When you decide you want something in-house, you can buy Pivotal Cloud Foundry with all the support bells and whistles. Or you can just use the standard cf-release repo and deploy it to you own OpenStack or vSphere environment. Or on AWS. Or on Azure. Or some mixture of the above.

[1] http://lattice.cf

[2] https://run.pivotal.io

[3] https://console.ng.bluemix.net/

[4] https://www.ctl.io/appfog/

[5] http://www.anynines.com/

[6] https://www.swisscom.ch/en/business/enterprise/offer/cloud-d...

Edit: I'd be interested in hearing why people object to this comment.

> Anyhow. If you just want to see quickly if CF fits your needs, the place to go is Lattice[1], explicitly designed to be installable on a laptop.

The issue is not whether or not CF can meet my needs, but that it is crazily complex. That it is complex enough that there's a need for a separat setup "explicily designed to be installable on a laptop" is to me an admission that CF is flawed from the outset. I don't care if it's' installable on a laptop, incidentally, I do all my development and testing and experimentations on setups that matches (in architecture anyway) the environments I'll deploy to. Exactly because I refuse to follow a setup built to be easy to get up on a dev machine only to find out that the full production deployment ends up being totally different (a lot of software fails here).

> In the meantime, you can let Pivotal host you on Pivotal Web Services[2].

No, I can't. It's not remotely cost effective for the types of things I do. E.g. for one client I currently part-time manage a private cloud environment with abou 150 containers. Firstly, none of Pivotals options offer enough CPU or memory for us to be able to run it on 150 of the 2GB container options (it'd be more like 500+ at that size), but even if 150 was enough, the estimated cost for that would be substantially more than what it costs to lease racks + power + bandwidth + leasing costs on all the hardware + charging the cost of hardware upgrades/maintainenance and the cost of server admin. With more realistic container counts, it'd bankrupt the company in question.

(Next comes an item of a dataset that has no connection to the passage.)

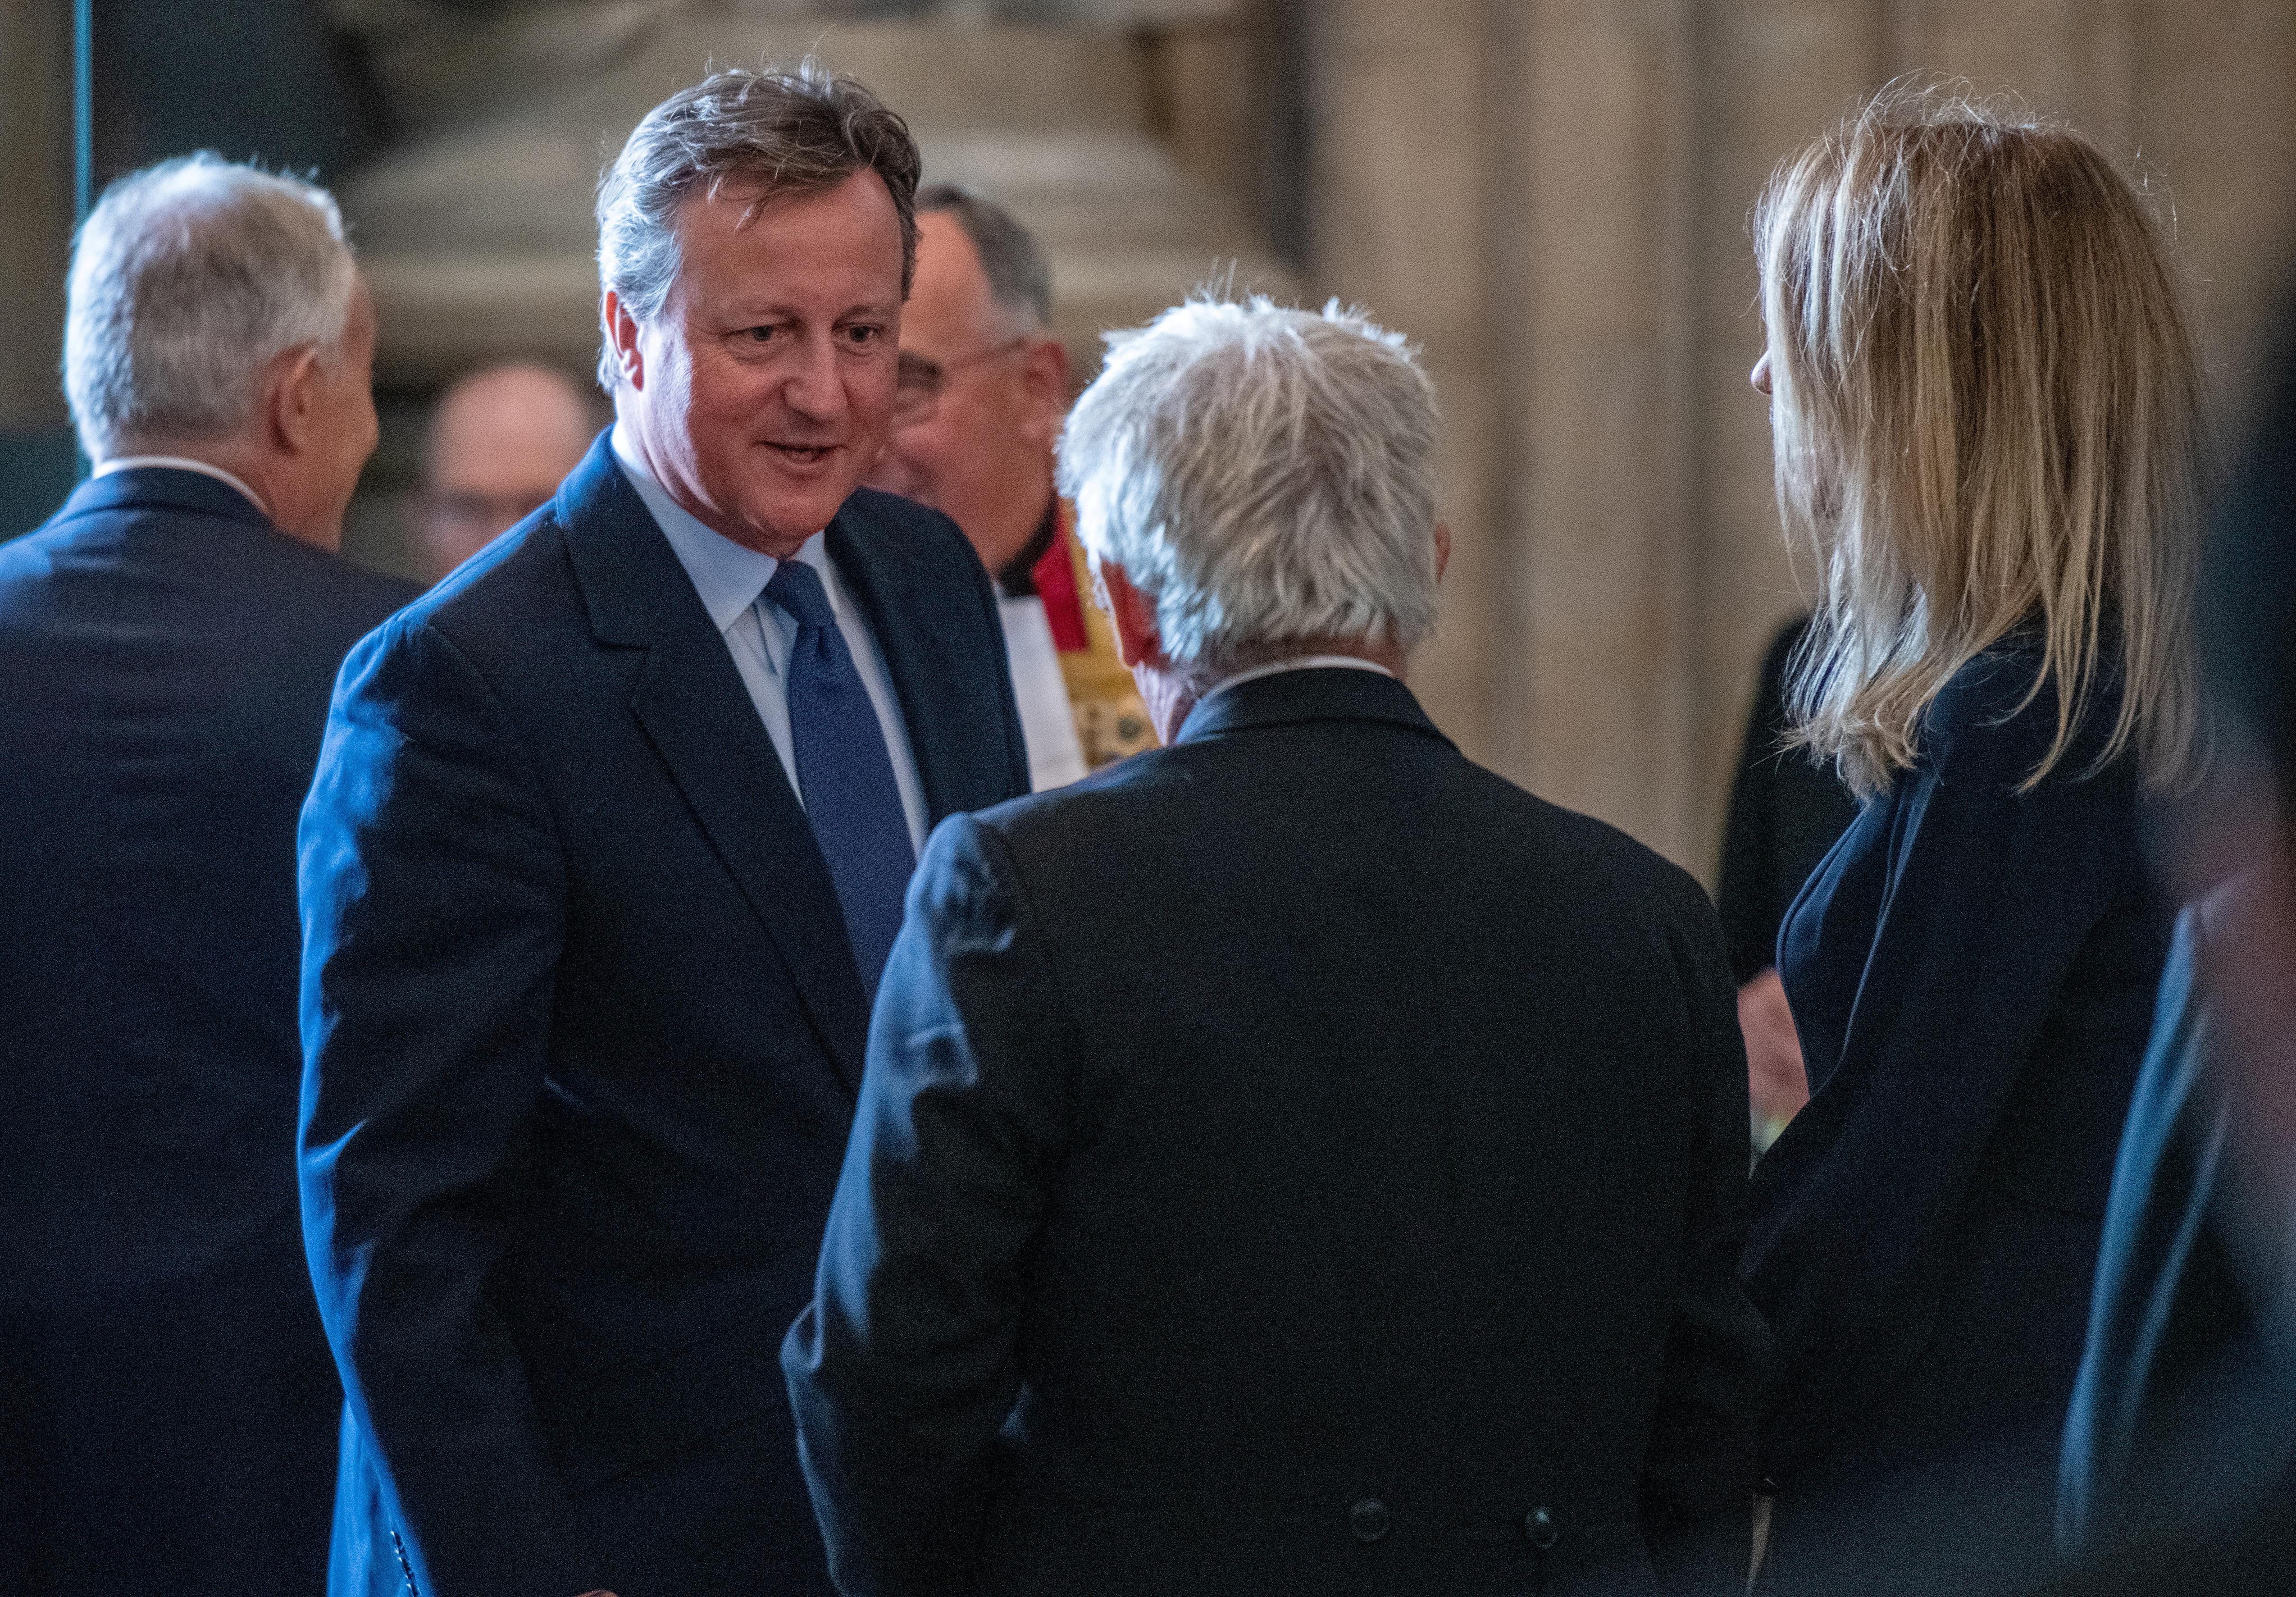 Αποκαλύψεις Κάμερον: Ο Μπόρις Τζόνσον πίστευε ότι το Brexit θα χάσει το δημοψήφισμα

> and deploy it to you own OpenStack or vSphere environment. Or on AWS. Or on Azure. Or some mixture of the above.

The complexity and/or cost of these options makes CF massive unattractive for me. I'm just in the process of cutting a clients hosting costs by about 80% by ditching AWS for a setup on managed servers, for example, and the full deployment of all the infrastructure we need is substantially simpler than just deploying a "bare" OpenStack deployment, and certainly nothing like putting CF on top. They can afford an awful lot of my time to help implement additional functionality for what they save by that move.

"That it is complex enough that there's a need for a separat setup "explicily designed to be installable on a laptop" is to me an admission that CF is flawed from the outset."

I don't get this. The setup for a Chef or Puppet managed 1000 node setup is quite different than it is for your laptop. Is it somehow fundamentally flawed?

"Exactly because I refuse to follow a setup built to be easy to get up on a dev machine only to find out that the full production deployment ends up being totally different (a lot of software fails here)."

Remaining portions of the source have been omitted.